Services Managed Manually

  • Axiom (all environments write to one Axiom account)
  • Terraform Cloud (each workspace is created manually)
  • AWS IAM Identity Center (connection to JumpCloud and sub-account permissions per JumpCloud user group)
  • Mux (all production environments write to one Mux account, as Mux doesn't provide regional storage, so there is no need to have Mux accounts per tenant)
  • LiveKit Cloud (all production enviornments use their own LiveKit Cloud project, with its own API key)
  • Sentry (All environments write to one Sentry account - there is no long term storage of customer data in Sentry.)
  • Rootly
  • Expo (single Expo account for our mobile app - no long term storage of customer data)
  • Google Cloud (Sign in with Google API keys)
  • PostHog (single PostHog account)
  • OpenAI (single API account - no long term storage of customer data)
  • AssemblyAI (single API account - no long term storage of customer data)
  • Various SaaS apps that aren't production infrastructure themselves like Google Workspace and JumpCloud

Cloudflare Pages for Frontend Sites and PivotAdmin

We use Cloudflare Pages to host our websites and static frontend assets.
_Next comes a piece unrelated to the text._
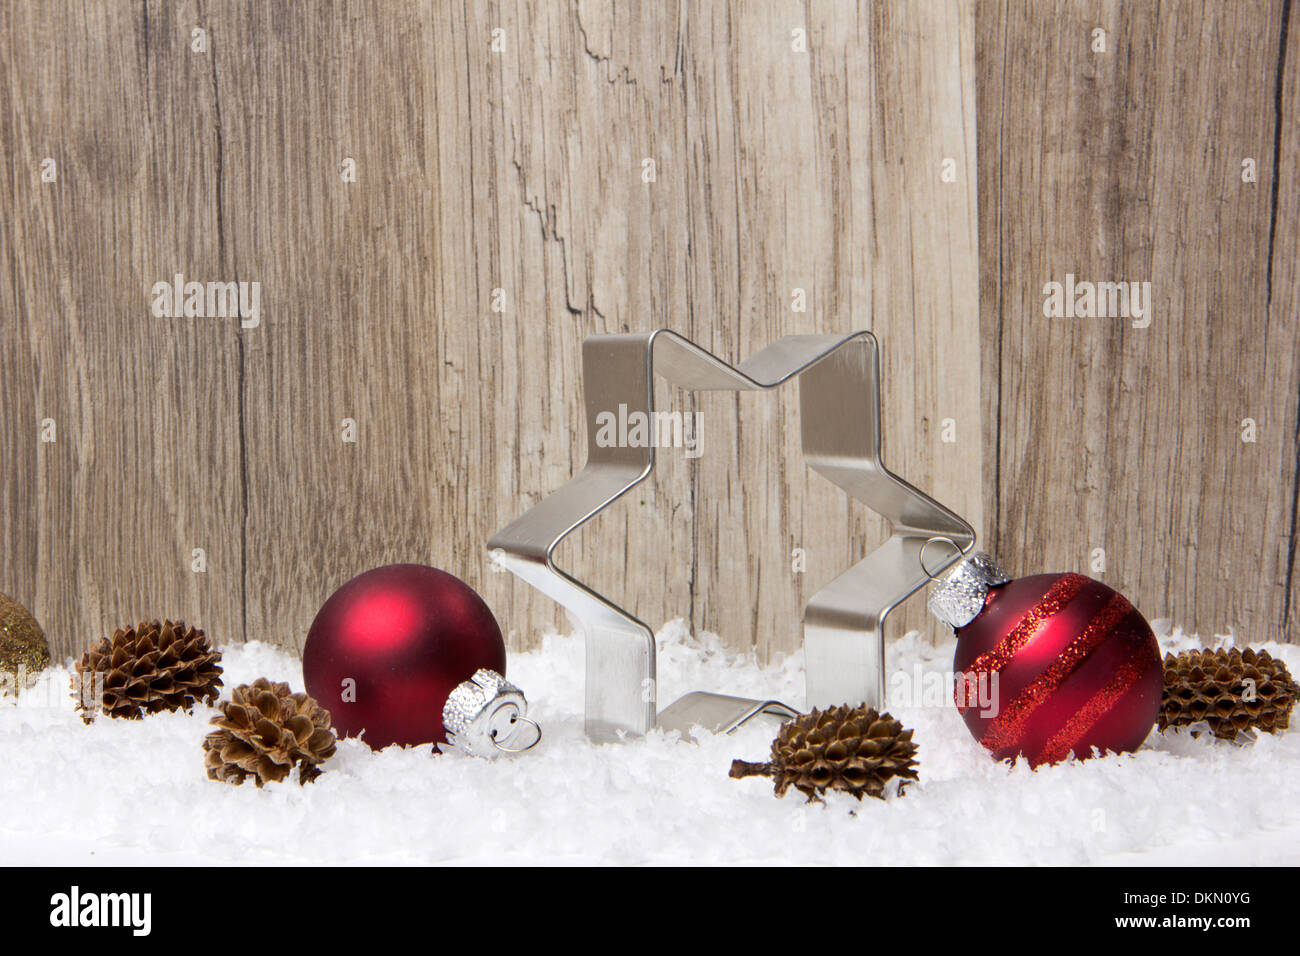 Weihnachts-Dekoration mit hölzernen Hintergrund, Schnee, Weihnachtskugeln rot, Weihnachtsstern und Tannenzapfen Stockfoto

These are deployed to a single production environment, as even single-tenant backends use them.

Cloudflare Pages is configured via Terraform, with its own Terraform Cloud workspace. Each application is deployed to Cloudflare Pages via its GitHub integration, including PR environments, for both the pivot and pivot-internal repos.

  1. Docs: Cloudflare Pages deploys the docs site for each PR and on push to main.

  2. Marketing: Cloudflare Pages deploys the marketing site for each PR and on push to main.

  3. Engbook: Cloudflare Pages deploys the EngBook for each PR and on push to main.

  4. Web App: Cloudflare Pages deploys the frontend Pivot app (Expo web export) for each PR and on push to main.

  5. PivotAdmin: Cloudflare Pages deploys the PivotAdmin internal tool for each PR and on push to main.

  6. Storybook: Cloudflare Pages deploys Storybook for each PR and on push to main.

Supabase for PivotAdmin

Our Supabase project uses their GitHub integration with the pivot-internal repository for branching and migrations.